SECRETARY RICE: -- and suspend verifiably, the United States will be prepared to join. Those talks are going on now. Javier Solana, the EU foreign policy chief, has had those.

QUESTION: Right.

SECRETARY RICE: But we are still pursuing the path of sanctions should Iran not follow the UN Security Council resolution and suspend.

QUESTION: Well, which is the whole idea that Jacques Chirac is saying that we don’t – that maybe sanctions isn’t the way to go per se if talks can continue even just in some way to get this going, move it forward.

SECRETARY RICE: Well, no, if talks between Solana and the Iranian representative Larijani can get us to a suspension, that would be terrific. But the international community also has a credibility issue. We’ve said as of August 31st suspend or we will pursue sanctions, and so we are talking with our partners about that course as well.

QUESTION: I want to talk about the White House policy on interrogation methods. There seems to be some movement afoot. Your predecessor, Secretary of State Colin Powell, has said, "The world is beginning to doubt the moral basis of our fight against terrorism," because of the White House’s insistence on changing of the Article 3 or "clarifying" Article 3 of the Geneva Convention. Is the White House going to back away from that?
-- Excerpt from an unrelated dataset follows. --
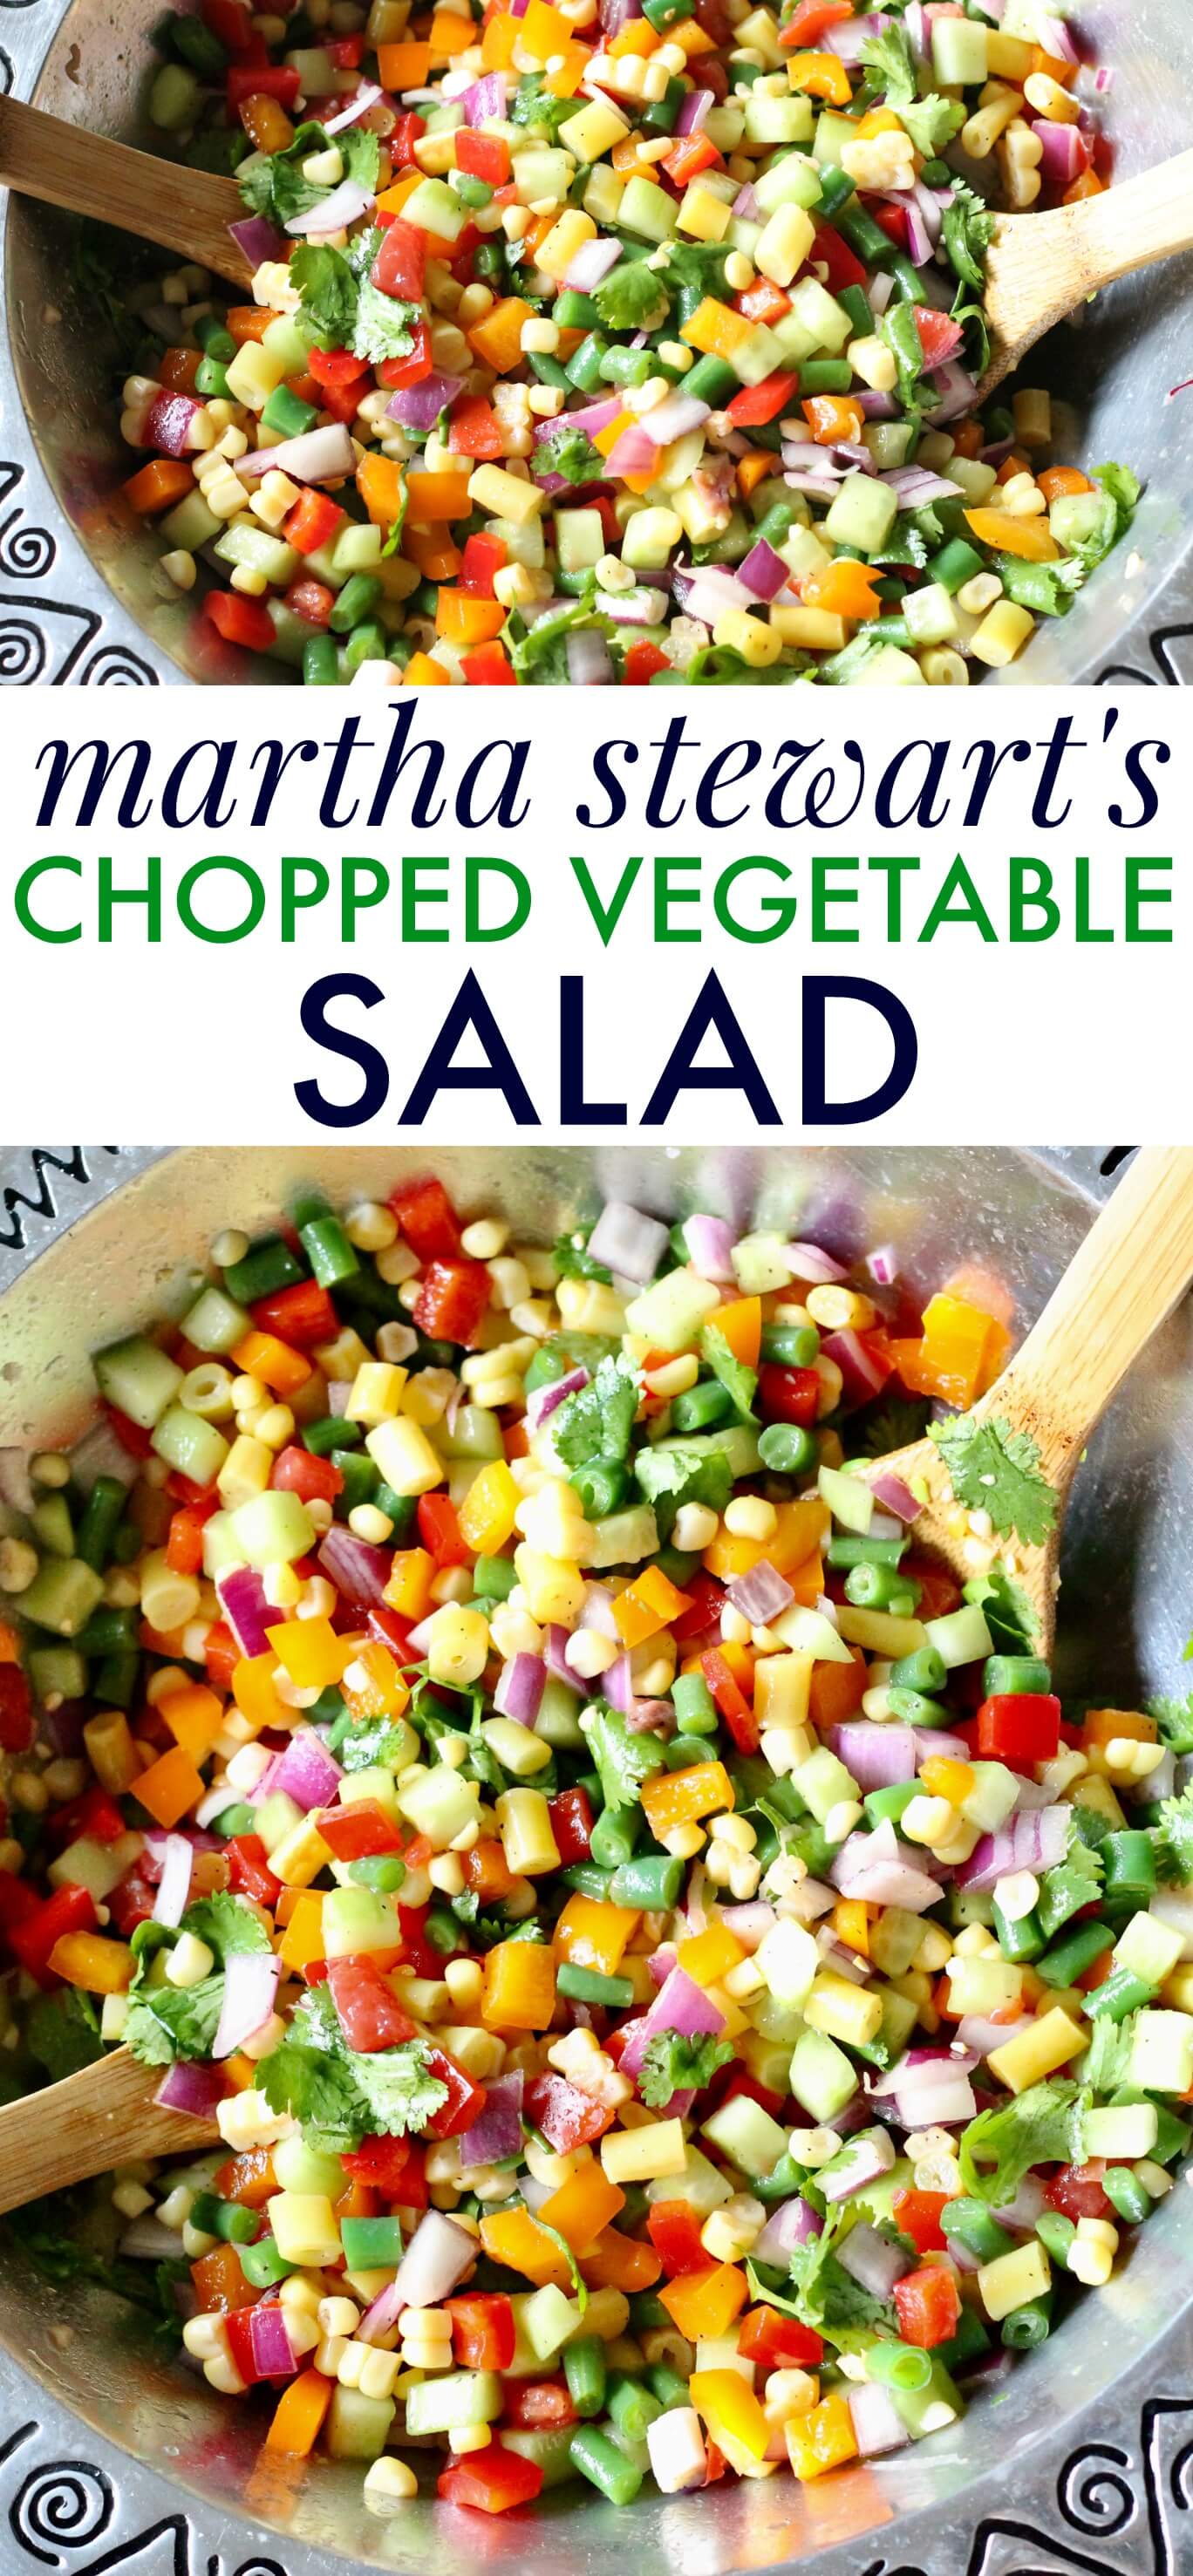 Martha Stewart's Chopped Vegetable Salad Recipe. The best mix of fresh veggies. Perfect for spring and summer parties!

SECRETARY RICE: Well, the President wants very much to, with Congress, have a law that can allow us to use legal means, treaty-compliant means, to get the information that we need to prevent the next attack. I think the American people want us to do that. I think Europeans and others who have also been saved by information from this program want us to do that. But of course we want to do it in a treaty-compliant way and we are not redefining Article 3 of Geneva. Look, the problem is that the language of Article 3, Common Article 3, is very imprecise, very vague, and the professionals – you know, the people who have to go out there and do the interrogation on our behalf – want to know that they are within the law. We owe them that. Nobody wants to --

QUESTION: But the basic premise is the disallow of humiliating and degrading treatment of prisoners, and that’s what people from John McCain to John Warner to Secretary Powell says that’s sacrosanct; you can’t go beyond that.

SECRETARY RICE: It’s simply a question of what constitutes inhumane or degrading conduct. That’s what it is. It’s not a matter – the United States doesn’t want to engage in violations of Common Article 3. We don’t want to redefine Common Article 3. We are – the people of the United States of America – that really was – we were the parents in a sense of Common Article 3. But we do want to give our professionals clear guidance so that they know they are operating within the law.

And I just want to go back, Harry. The moral high ground in this war is that the United States and our allies are fighting people who kill innocent people wantonly. They don’t kill innocents as collateral damage. They intend to kill innocents. And when you have someone like Khalid Sheikh Mohammed or Ramzi bin al-Shib, the plotters and planners of September 11th, and they know information that can prevent the next attack on innocent people, you have every obligation to find out what they know within legal means and within treaty-compliant means.

QUESTION: We’re going to have to leave it at that. Madame Secretary, thank you so much.

SECRETARY RICE: Thank you very much.